Perhaps for the first time in the history of music, here is two violas, double bass, and drums quartet featuring the New York-based Mat Maneri & Tanya Kalmanovitch, and Copenhageners Tomo Jacobson & Kresten Osgood. Calling their music chamber free improv gives some clues about the sound world you are entering, but it also falls very short in the face of the multitudes presented here. ‘Variations On No Particular Theme’ is a pregnant name in which we can look for the key to this album. Of course, it brings to mind the classical tradition, yet with a twist.
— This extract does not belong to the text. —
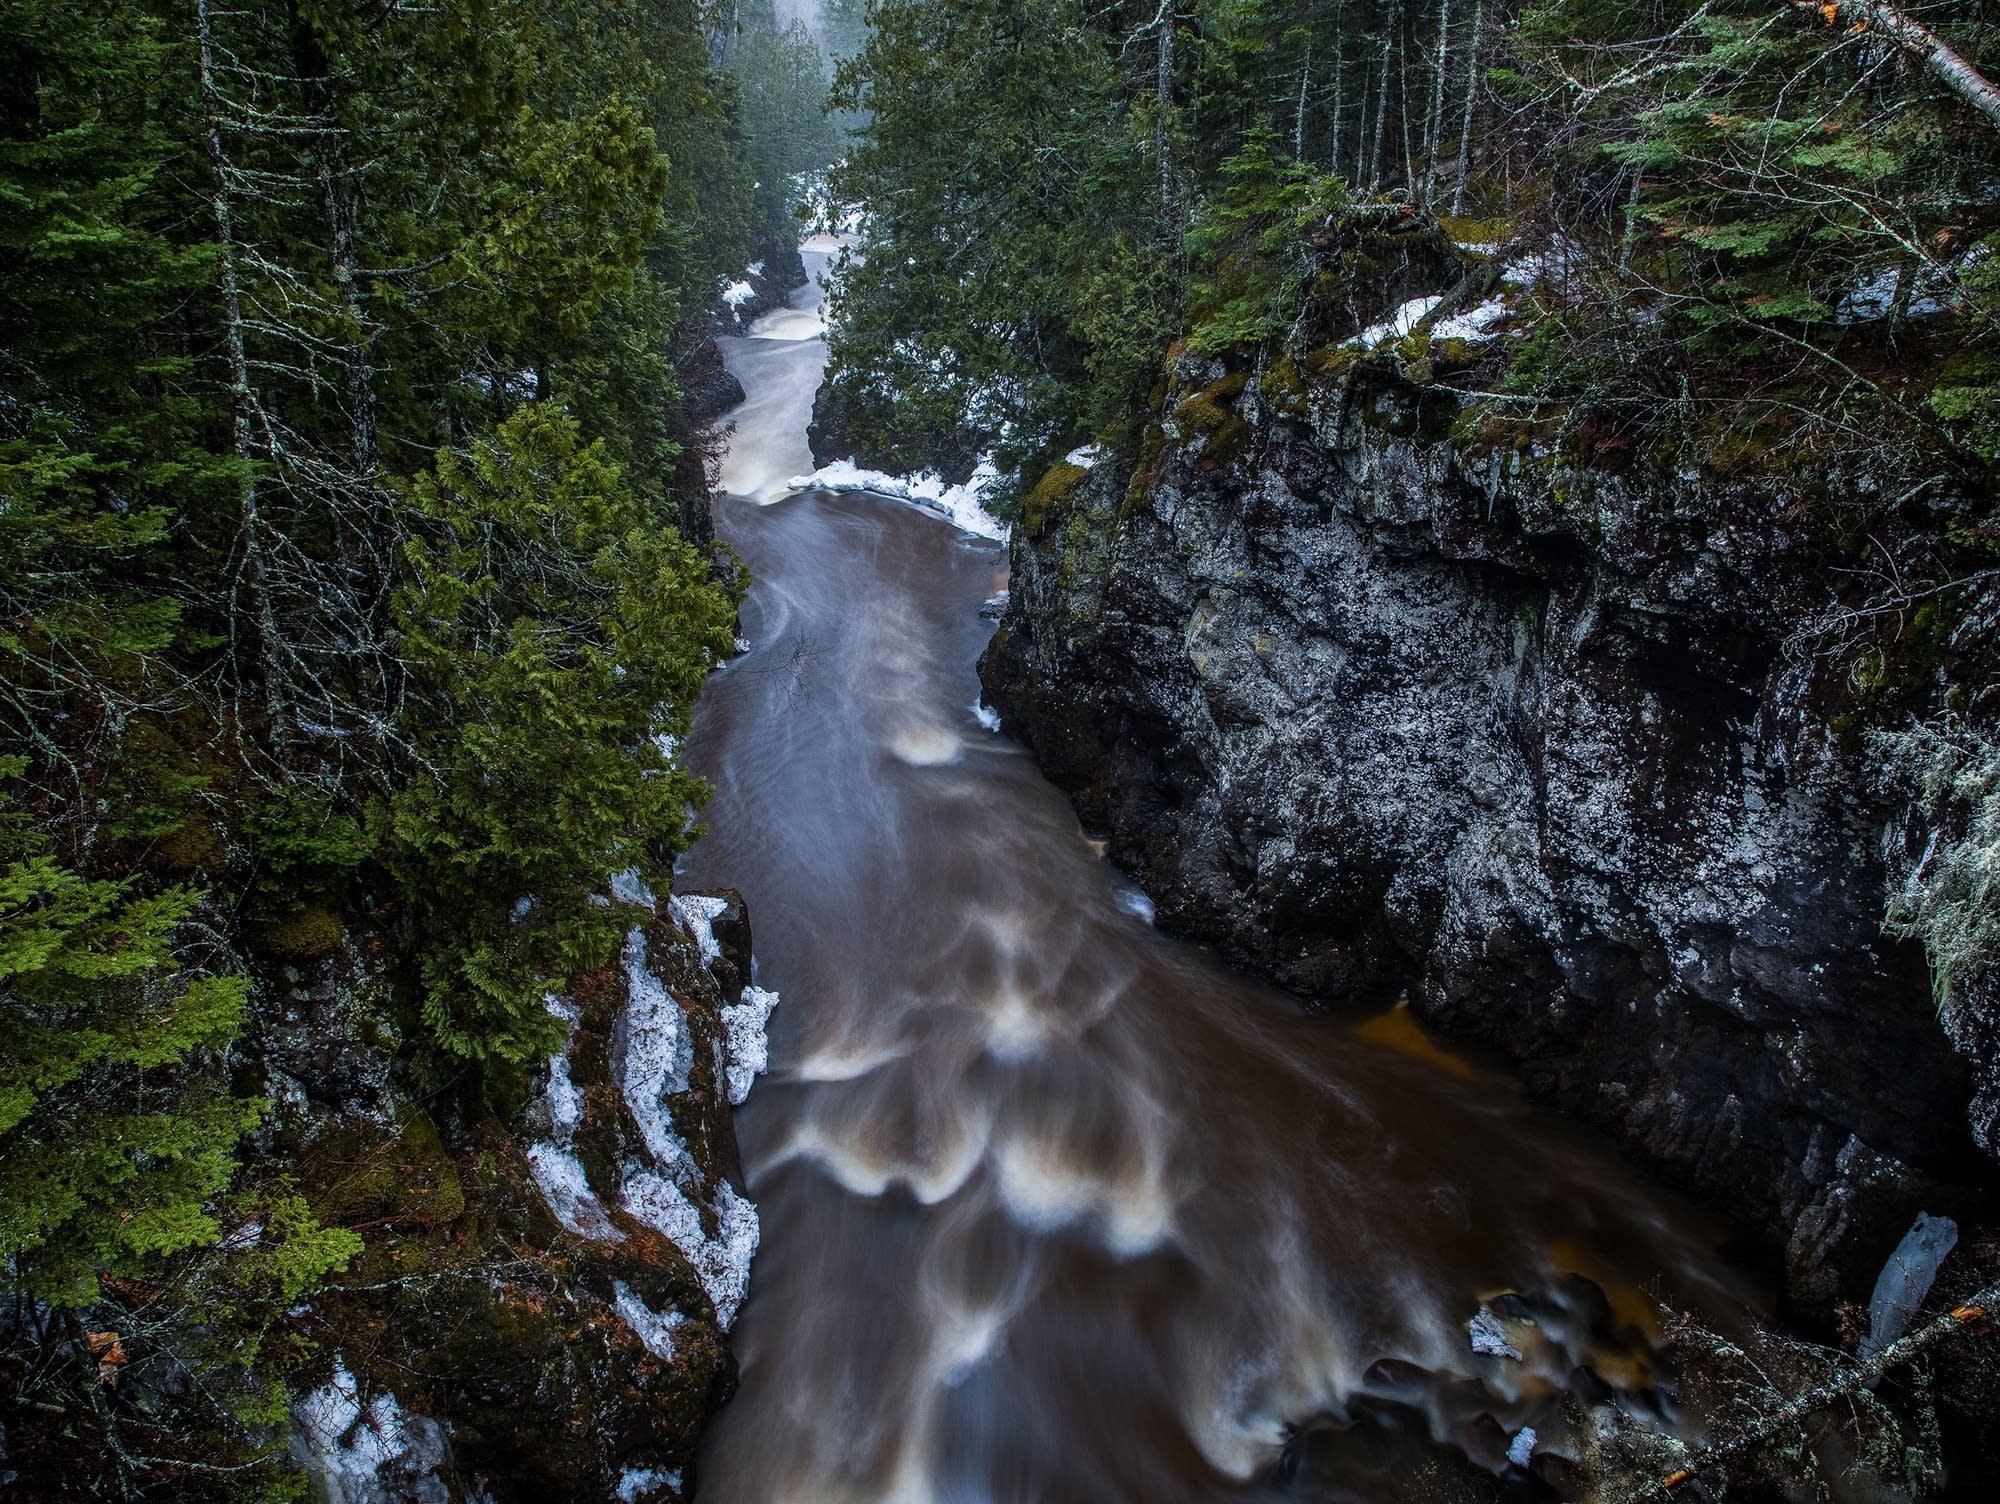 The Cascade River makes its way through a gorge

Free improvisation might be understood through the prism of the title as an act of constant variating on being-playing in that act itself, with no particular theme nor agenda other than doing it. 'Non-particularity' on the other hand (with 'particularity' defined as “the quality of being individual”) brings forth an idea of leaving the individualistic tendencies in order to together reach for 'wholeness', which the Oxford dictionary defines as “the state of forming a complete and harmonious whole; unity”, or “the state of being unbroken or undamaged.” And indeed, there is something very 'now' and very 'together' about this spacious music, that might give you a sense of time stopping.
Mat Maneri needs no introduction, he is probably the most respected and celebrated jazz and improv string player alive. Tanya Kalmanovitch is a Canadian violist, ethnomusicologist, the Associate Professor at The New School in NYC. She and Mat released in 2016 an insanely beautiful highly acclaimed duo album ‘Magic Mountain’. Kresten Osgood is one of the most versatile drummers we know, who played with pretty much anybody from Roscoe Mitchell, and Paul Bley, to Brad Mehldau, and Kurt Rosenwinkel. Last but not least, Tomo Jacobson, the youngest of the four, with over 30 albums to his credit has proven himself to be an adventurous improviser on numerous occasions over the years.